Introduction to robust estimators in multivariate analysis

The normal distribution, perhaps following data transformation, has a central place in the analysis of multivariate data. Mahalanobis distances provide the standard test for outliers in such data. However, it is well known that the estimates of the mean and covariance matrix found by using all the data are extremely sensitive to the presence of outliers. When there are many outliers the parameter estimates may be so distorted that the outliers are ‘masked’ and the Mahalanobis distances fail to reveal any outliers, or indicate as outlying observations that are not in fact so.

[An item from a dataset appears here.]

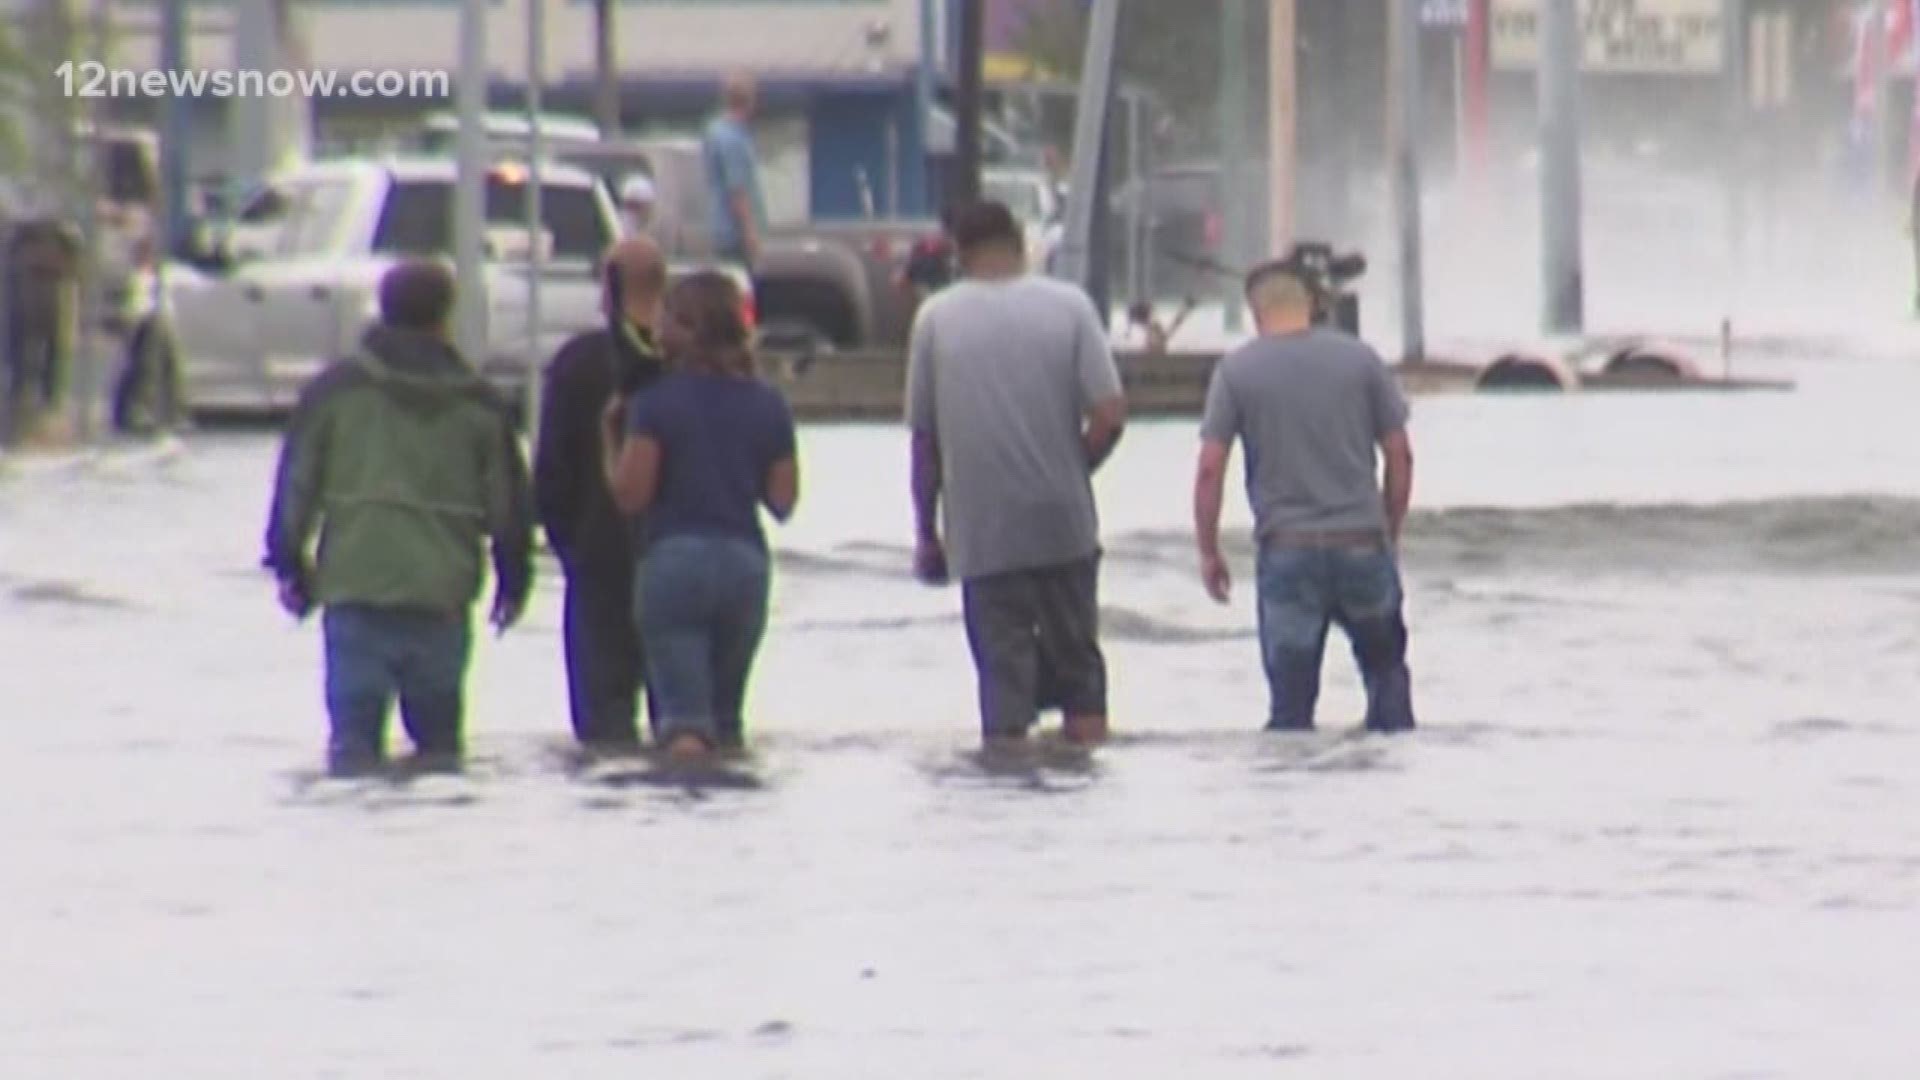 More than 30 agencies will be available to answer questions and sign flood victims up for help.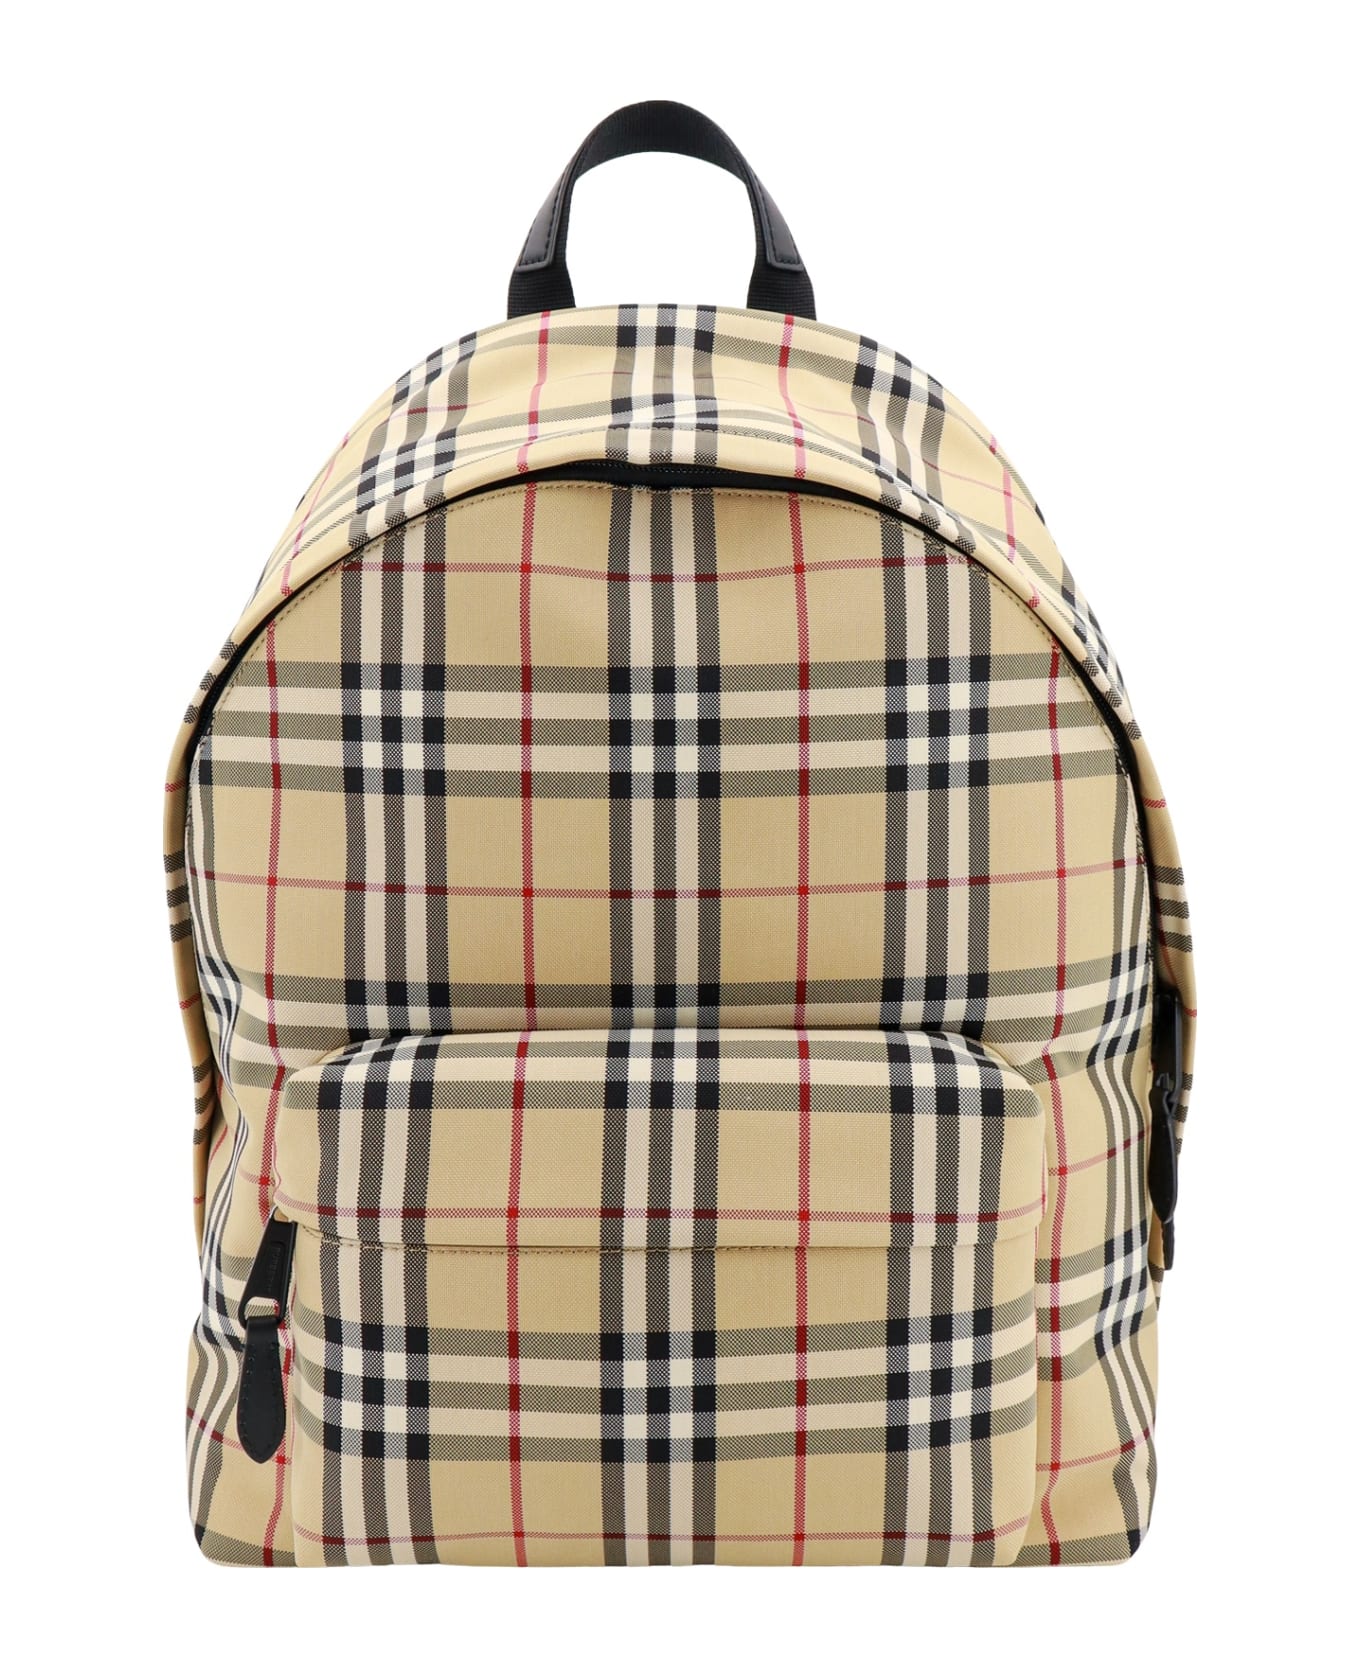 Burberry Backpack - Archive Beige

Accordingly, several researchers have suggested the use of robust parameter estimates in the calculation of the distances. For example, Rousseeuw and van Zomeren (1990) used minimum volume ellipsoid estimators of both parameters in calculation of the Mahalanobis distances. More recent work such as Pison et al. (2002) or Hardin and Rocke (2005) uses the minimum covariance determinant (MCD) estimator.

Remark: There is now evidence that the application of highly robust procedures can produce a proportion of outliers much larger than expected. The implication is that the size of the outlier test may be very much larger than the nominal 5% or 1%. Many of these methods are designed to test whether individual observations are outlying. As do Becker and Gather (1999), we, however, stress the importance of multiple outlier testing and focus on simultaneous tests of outlyingness. Note that in this toolbox we develop methods that are intended, when the samples are multivariate normal, to find outliers in $\alpha \%$ of the data sets.

This chapter considers the following procedures.

An alternative approach to robust multivariate estimation is based on projecting the sample points onto a set of univariate directions. Peña and Prieto (2001) suggested considering the set of 2v directions that are obtained by maximizing and minimizing the kurtosis coefficient of the projected data. They also proposed an iterative algorithm where each observation is repeatedly tested for outlyingness in these directions, using subsamples of decreasing size with potential outliers removed. Their final robust estimates, $\hat \mu_{PP}$ and $\hat \Sigma_{PP}$, are computed by using the observations which are considered not to be outliers at the end of the iterations. A calibration factor $k_{PP}$ is still required to allow for bias in estimation of $\Sigma$. The resulting (squared) robust Mahalanobis distances

$$ d_{(PP)i}=k_{PP}(y_i-\hat \mu_{PP})^T \hat \Sigma_{PP}^{-1}(y_i-\hat \mu_{PP}), \quad \quad \quad i=1,\dots,n, $$

are compared with the $\{v(n-1)/(n-v)\}F_{v,n-v} $ distribution.

A comparison of the above procedures with the forward search in terms of size and power can be found in  Riani et al. (2009). In this paper the authors show that procedure implemented in function FSM has superior power as well as good size and so is to be recommended. Similar computations referred to regression can be found in Perrotta and Torti (2010).